In 1971, following his retirement from Cambridge, Dirac moved to the USA where he became a professor of physics at Florida State University. He died there in 1984. Throughout his life Dirac was renowned for his economy of speech and lack of social awareness. His book Principles of Quantum Mechanics (1930) is regarded as a classic of clear and elegant exposition. When a correspondent asked him to clarify a certain result in the text, Dirac is said to have replied that he knew of no clearer way of expressing the point. No rudeness would have been intended, just an honest statement of fact. Dirac preferred to work by himself, and had few collaborators or research students.
Richard Phillips Feynman was one of the most colourful and celebrated of US physicists. He was born in New York in 1918 and educated at the Massachusetts Institute of Technology (MIT) and Princeton. From 1942 to 1945 he was involved in the atomic bomb project at Los Alamos, where he gave ample evidence of his enormous technical virtuosity as well as earning himself a reputation as a practical joker.

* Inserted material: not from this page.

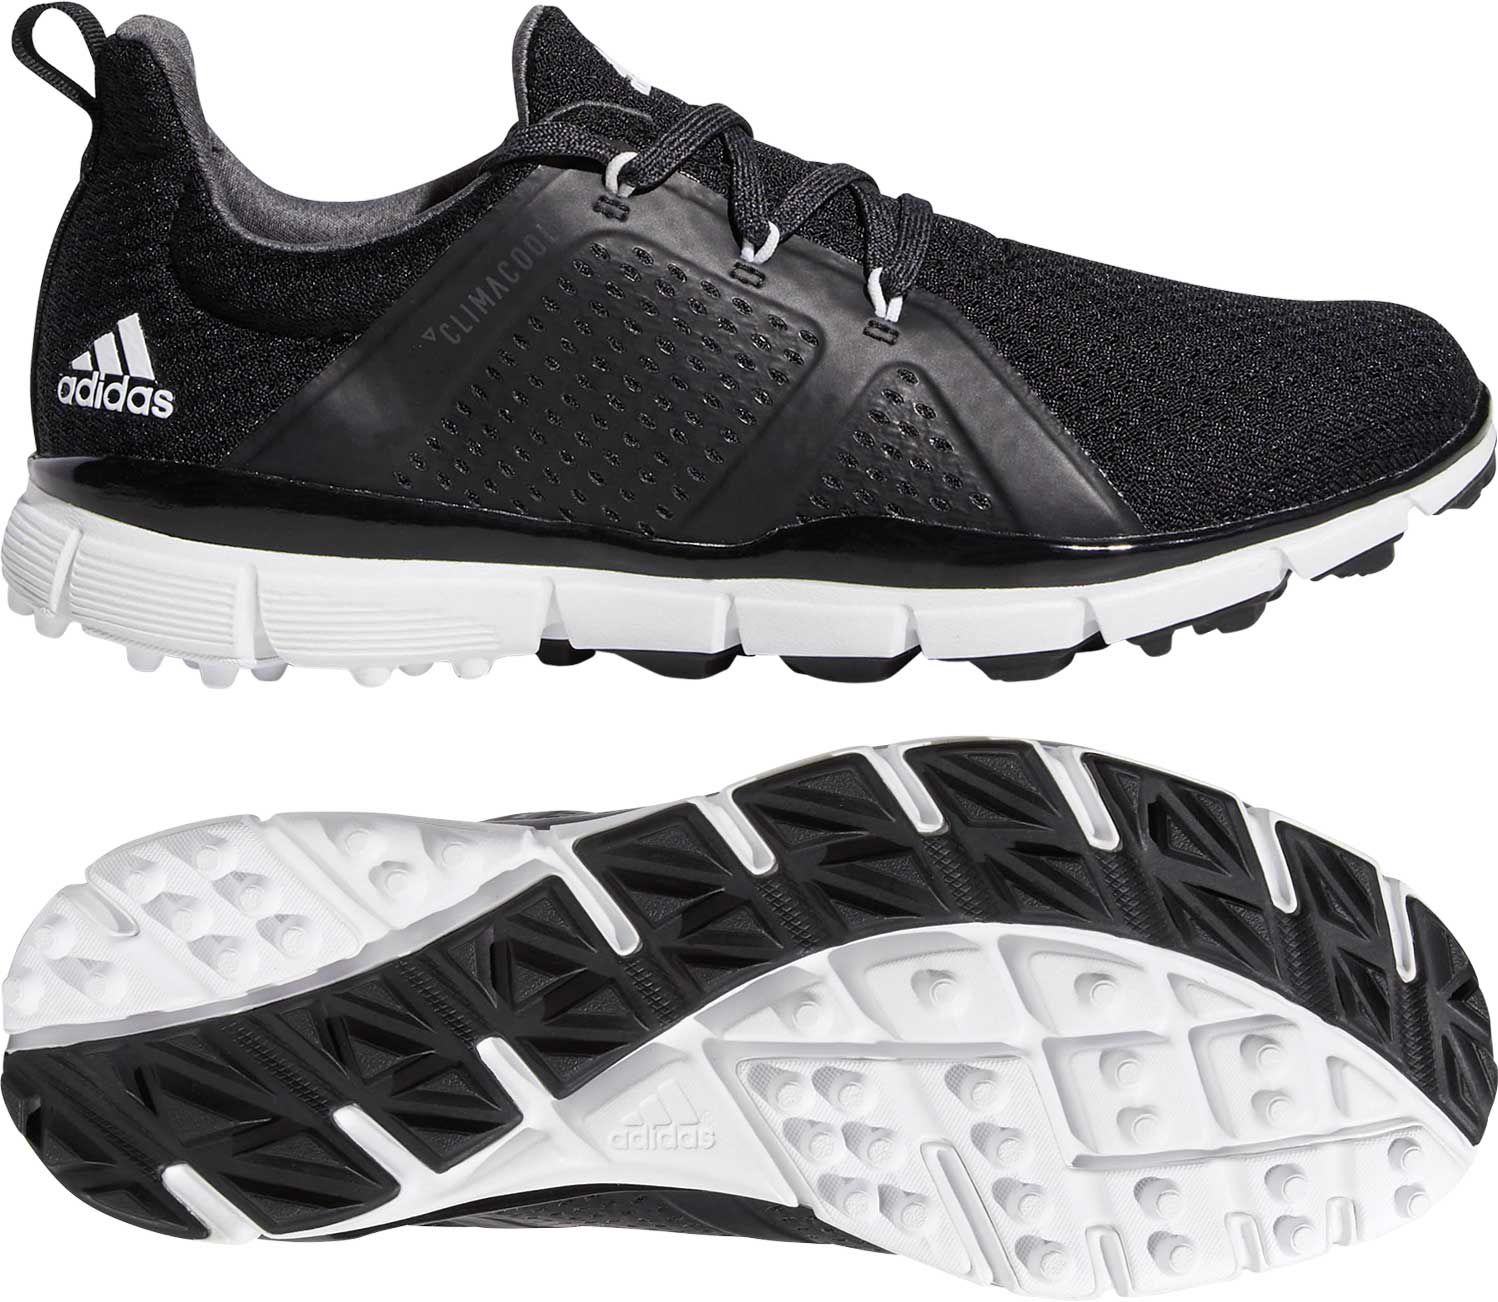 adidas golf shoes womens black

In 1950 Feynman moved to the California Institute of Technology (Caltech) where he remained for the rest of his life. While there, he worked on many topics, including the theory of fundamental particles, the theory of superfluidity and the nature of the forces and interactions within the atomic nucleus. He became renowned as a teacher of physics, combining profound physical insight with a very down-to-earth style. Towards the end of his life, when already ill with cancer, he was invited to join the commission investigating the in-flight explosion of the space shuttle Challenger. As part of that work he memorably demonstrated, in front of a massive TV audience, the disastrous effect of low temperature on the booster rocket's O-ring seals by dropping one of them into a glass of iced water.
Feynman will long be remembered as one of the twentieth century's greatest exponents of intuitive - yet highly rigorous - physics. The three volumes of Feynman Lectures on Physics from his Caltech years, and Feynman's autobiographical works 'Surely You're Joking Mr Feynman!' and 'What Do You Care What Other People Think?' also ensure that he will be remembered as a character of extraordinary insight, wit and charm. In 1965 Feynman shared the Nobel Prize for Physics with Julian Schwinger and Sin-itiro Tomonaga.